Data extracted from a collection:
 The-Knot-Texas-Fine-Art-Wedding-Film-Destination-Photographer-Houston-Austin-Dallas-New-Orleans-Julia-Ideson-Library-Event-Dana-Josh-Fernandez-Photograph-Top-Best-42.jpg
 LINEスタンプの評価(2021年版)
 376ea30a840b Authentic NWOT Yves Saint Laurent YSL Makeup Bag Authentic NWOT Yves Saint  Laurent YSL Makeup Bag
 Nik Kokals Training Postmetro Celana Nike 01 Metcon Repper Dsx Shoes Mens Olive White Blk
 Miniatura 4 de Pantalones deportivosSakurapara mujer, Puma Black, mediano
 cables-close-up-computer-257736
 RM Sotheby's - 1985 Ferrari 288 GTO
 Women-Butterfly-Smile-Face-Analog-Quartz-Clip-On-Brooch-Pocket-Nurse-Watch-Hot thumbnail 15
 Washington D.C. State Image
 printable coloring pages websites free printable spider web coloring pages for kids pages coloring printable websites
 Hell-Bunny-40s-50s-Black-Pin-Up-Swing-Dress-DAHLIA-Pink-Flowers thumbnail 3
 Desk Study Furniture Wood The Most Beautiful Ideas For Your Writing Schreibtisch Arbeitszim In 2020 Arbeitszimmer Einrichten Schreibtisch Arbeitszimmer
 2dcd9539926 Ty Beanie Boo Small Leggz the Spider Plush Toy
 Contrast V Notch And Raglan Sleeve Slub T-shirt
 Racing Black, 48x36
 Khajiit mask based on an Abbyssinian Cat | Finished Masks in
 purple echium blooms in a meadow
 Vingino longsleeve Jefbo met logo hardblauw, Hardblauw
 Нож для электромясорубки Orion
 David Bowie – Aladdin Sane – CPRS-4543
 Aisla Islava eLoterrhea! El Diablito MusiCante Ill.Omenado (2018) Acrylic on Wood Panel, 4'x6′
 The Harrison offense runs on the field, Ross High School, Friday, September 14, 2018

Task statement: Every line from the one with "Vingino longsleeve Jefbo" to the end of the records above should be returned exactly, and no other lines.

Task response:
 Vingino longsleeve Jefbo met logo hardblauw, Hardblauw
 Нож для электромясорубки Orion
 David Bowie – Aladdin Sane – CPRS-4543
 Aisla Islava eLoterrhea! El Diablito MusiCante Ill.Omenado (2018) Acrylic on Wood Panel, 4'x6′
 The Harrison offense runs on the field, Ross High School, Friday, September 14, 2018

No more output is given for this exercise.